那時的築山人,其實連修鑄典籍都不放在心上。族中人才輩出,“紙鳶”、“奪械”、“長弓”……圖紙一日一日地換,刻進典籍的都被戲稱“過時”,所以哪肯費那個功夫?

什麽精巧機關送就送了,反正他們下一張圖從來設計得更好。

現在卻要把典籍當做江湖上那些“不世出”的寶物一樣捧著藏著。

風袖看著外面日覆一日、年覆一年,永遠都會把山北照亮的陽光,族中鼎沸的人聲,卻變成了現在的荒涼。

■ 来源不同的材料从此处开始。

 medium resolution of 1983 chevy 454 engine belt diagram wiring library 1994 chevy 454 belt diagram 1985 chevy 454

他狠狠眨了一下眼,轉頭去看俞相無。

俞相無神色仍舊平靜,面對風袖投來的視線,她坦然回視。

風袖卻猝然挪開了眼。

他方才沒同俞相無和花角說,在花角下山以後,另一批回山的人問起來,得知俞相無的身份以後,已有一二人存有微詞,險些和宋鉛他們吵起來。

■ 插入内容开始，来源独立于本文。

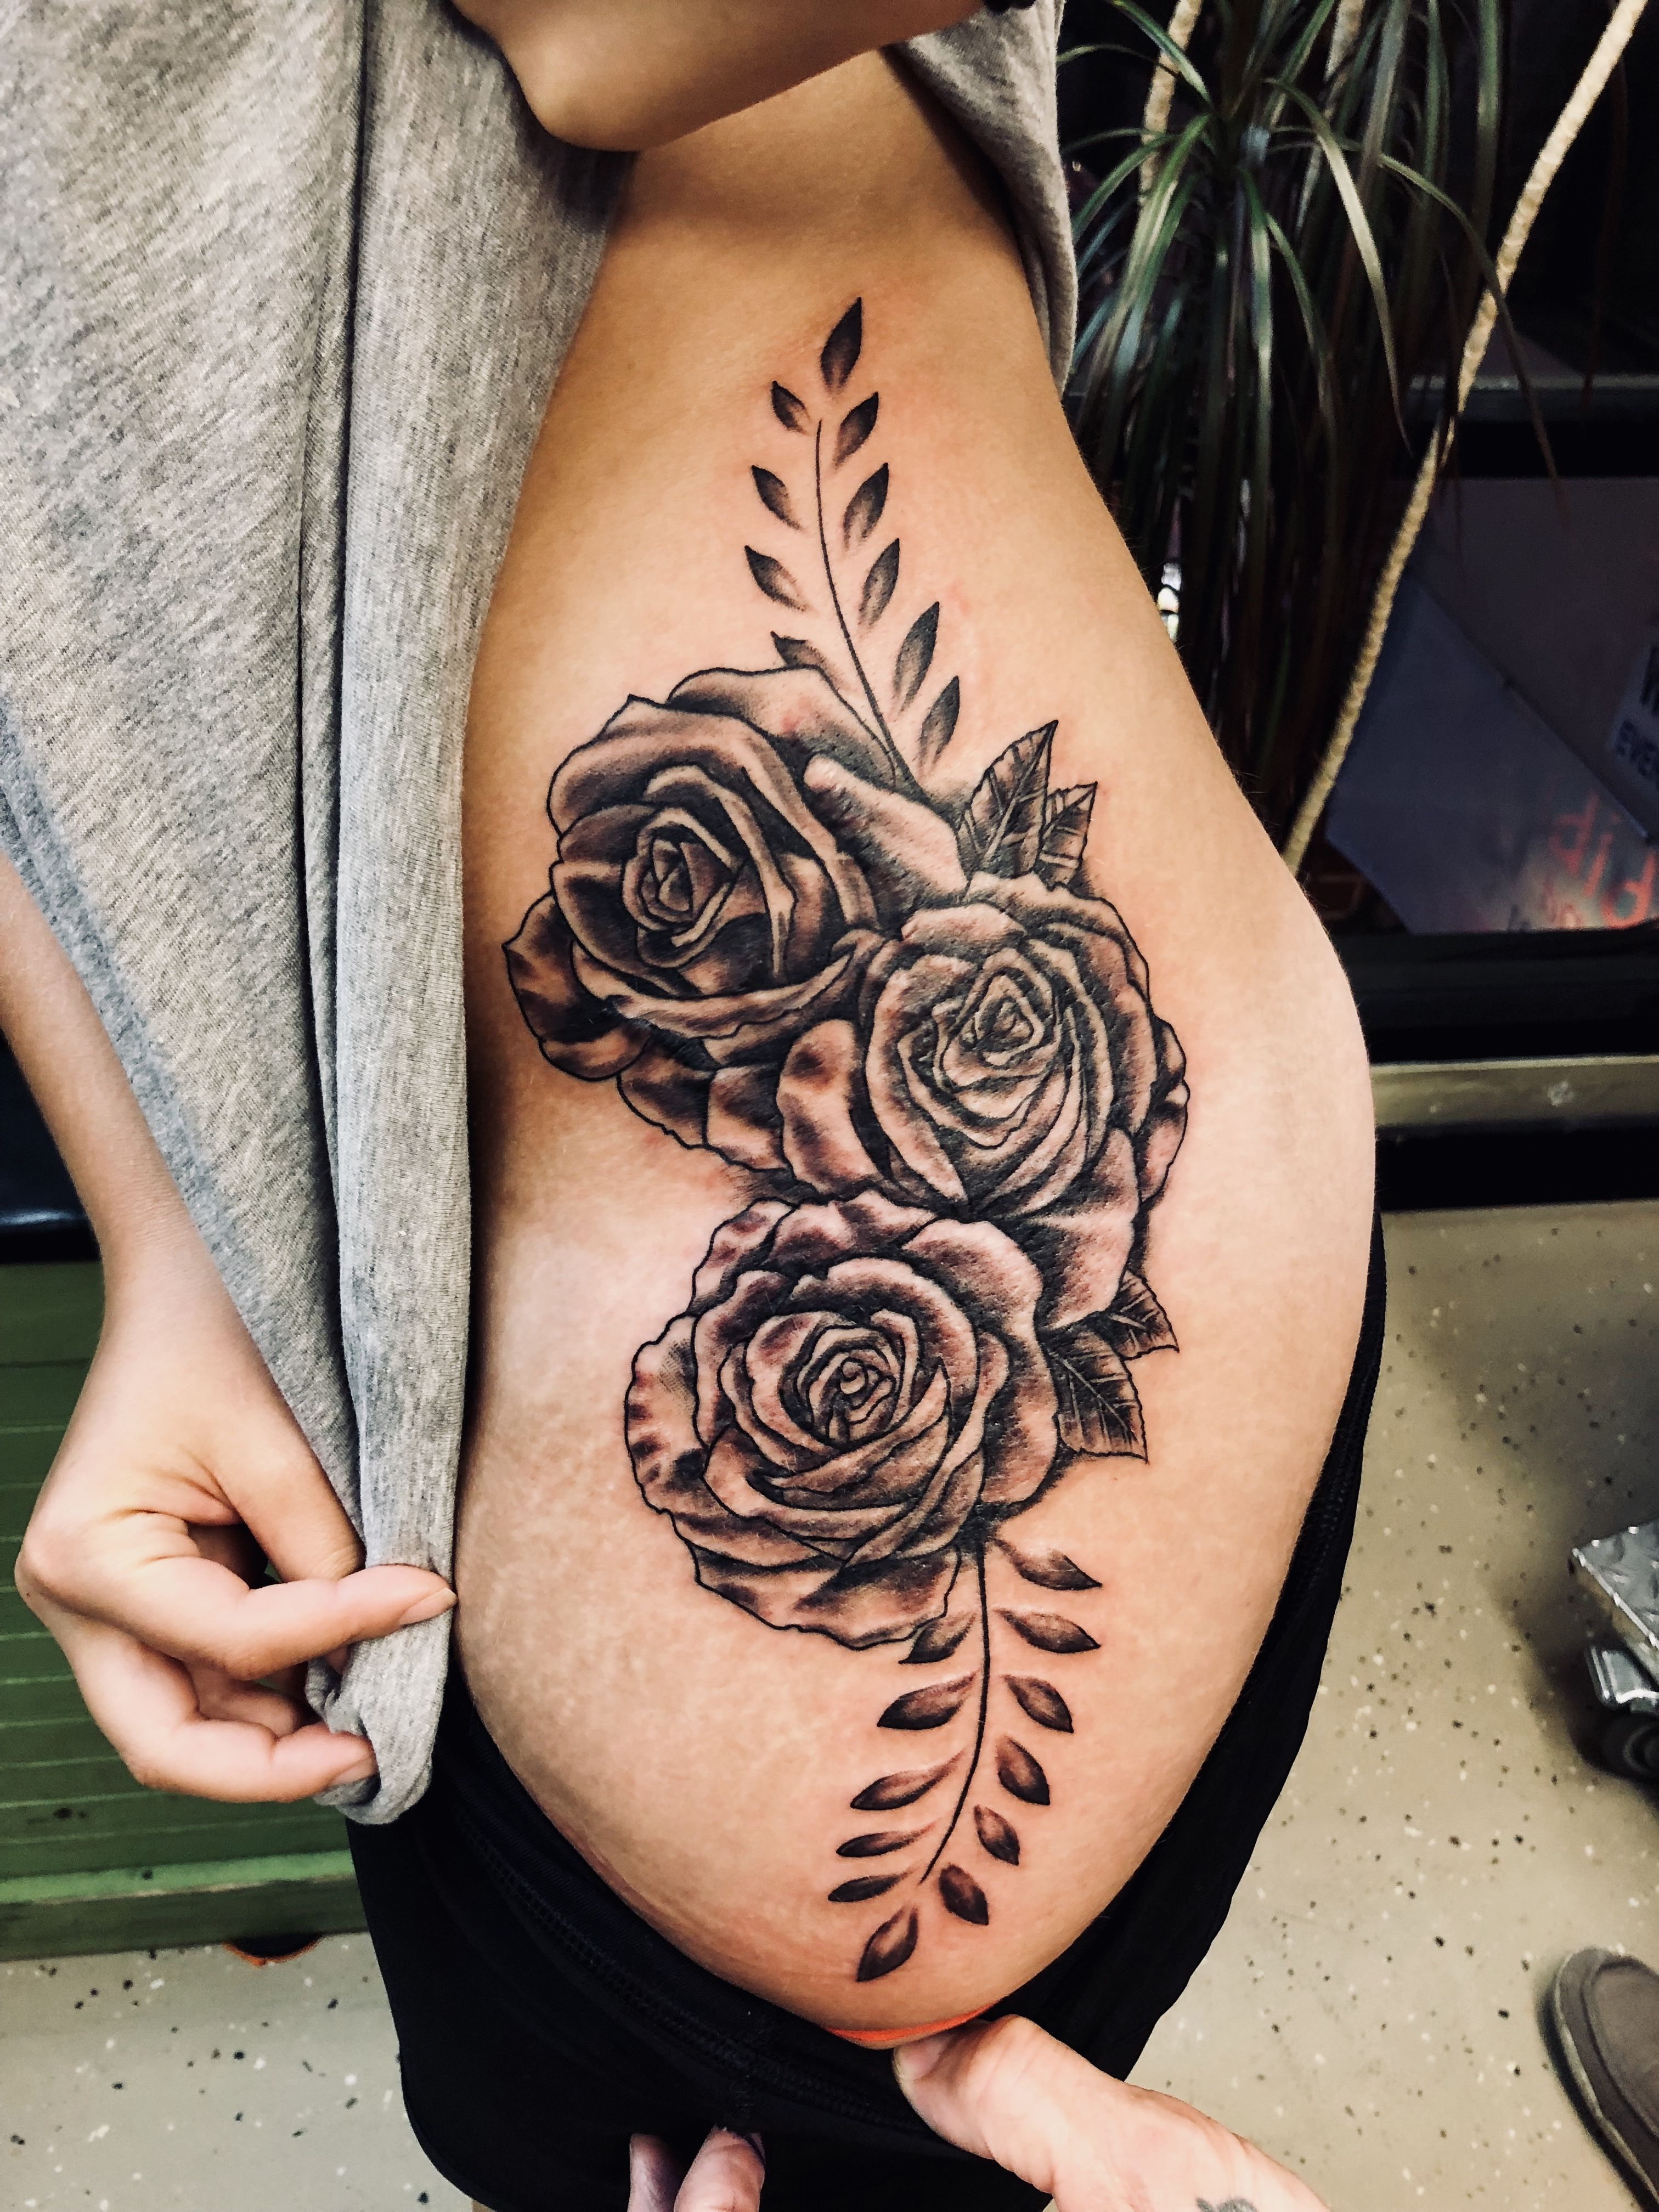 Rose Tattoo Tattoos For Women Thigh Tattoo Hip Tattoo Rose Thigh Tattoo Roses Tattoo Tattoos For Women Thigh Tattoo Thigh Tattoos Women

俞相無卻在聽花角說有別的築山人回來時,就已經想到了。如果只有從小跟隨的兄長們,她大可以假裝不知,拋開大義廉恥將錯就錯。

但有別的主人回來了。

重建很難,更忌諱猜疑和隱瞞。活下來的築山之人經歷遠沒有那麽純粹,彼此之間都還有隔閡與防備,她這個外人何必多插上一手?

風袖頹然坐下。

俞相無輕聲道:“前輩,我的耳朵是為了報我自家的仇才傷的,只與我自己有幹系,您不必掛在心上了。”

風袖擡眼看她,猛然上前抓住她的手。

他一字一句用力地比劃著:你的耳朵你視而不見,那星涼都的名聲、你爹身上的汙名呢?